В ту ночь Перри посмотрел открытку. Она была адресована начальнику тюрьмы, и на ней был штемпель Блу-Лэйка, штат Калифорния; в строках, написанных знакомым убористым почерком, говорилось: «Уважаемый господин, я так понимаю, что мой мальчик Перри снова у вас. Напишите мне, пожалуйста, что он натворил и могу ли я его увидеть, если приеду. У меня все хорошо, чего и вам желаю. Текс Дж. Смит». Перри разорвал открытку, но она сохранилась в его мозгу, ибо эти незамысловатые строки возродили его эмоции, вернули любовь и ненависть и напомнили ему, что он все еще тот, кем изо всех сил старается не быть – живой человек. «И тогда я решил, – писал он позже другу, – что должен оставаться живым. Всякий, кто захочет отнять у меня жизнь, больше от меня помощи не получит. Ему придется со мной побороться».
На следующее утро он попросил стакан молока, первый хлеб насущный, который он захотел вкусить за четырнадцать недель. Постепенно, на диете из гоголь-моголя и апельсинового сока, он восстановил вес; к октябрю тюремный врач, доктор Роберт Мур, счел его достаточно сильным, чтобы он мог вернуться в камеру. Когда его привели, Дик засмеялся и сказал: «Добро пожаловать домой, дружок».
Прошло два года.
С уходом Уилсона и Спенсера Смит, Хикок и Эндрюс остались одни среди закрытых окон и постоянно горящих ламп. Привилегии, предоставлявшиеся обычным заключенным, были им недоступны; ни радио, ни карт, ни даже прогулок – им никогда не позволяли выходить из камер, кроме как в душ по субботам, когда выдавали чистую одежду; единственными исключениями были редкие и краткие минуты посещений адвокатов или родственников. Миссис Хикок приезжала раз в месяц; ее муж умер, она потеряла ферму и, как она сказала Дику, жила теперь то у одних родственников, то у других.
Перри казалось, будто он живет глубоко под водой, – возможно, потому, что в камере обычно было так же серо и тихо, как в океанских глубинах, и, кроме храпа, кашля, шарканья тапочек и хлопанья крыльев вспугнутых голубей, не было никаких звуков. Но не всегда. «Иногда, – писал Дик своей матери, – здесь невозможно расслышать собственные мысли. В камеры на нижнем этаже, который называют Дырой, приводят новеньких, и многие из них дерутся как ненормальные и орут. Сплошные вопли и ругательства. Это невыносимо, и все начинают вопить, чтобы они заткнулись. Хорошо бы ты мне прислала затычки в уши. Только мне бы их все равно не дали. Злодею покой не полагается».

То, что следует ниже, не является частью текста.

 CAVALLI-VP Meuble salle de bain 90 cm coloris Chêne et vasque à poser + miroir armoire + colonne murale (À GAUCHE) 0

Маленькому зданию было уже за сто лет, и сезонные изменения выявляли различные признаки его древности: зимой каменные стены пропитывал холод, а летом, когда температура часто поднималась выше ста градусов по Фаренгейту, старые камеры превращались в зловонные котлы. «Так жарко, что вся кожа горит, – писал Дик в письме, датированном 5 июля 1961 года. – Стараюсь поменьше двигаться. Просто сижу на полу. Моя кровать вся пропиталась по́том и воняет так, что меня тошнит, из-за того, что моемся мы раз в неделю и всегда ходим в одной и той же одежде. Никакой вентиляции нет и в помине, а от лампочки кажется, что еще жарче. Жуки все время бьются о стены».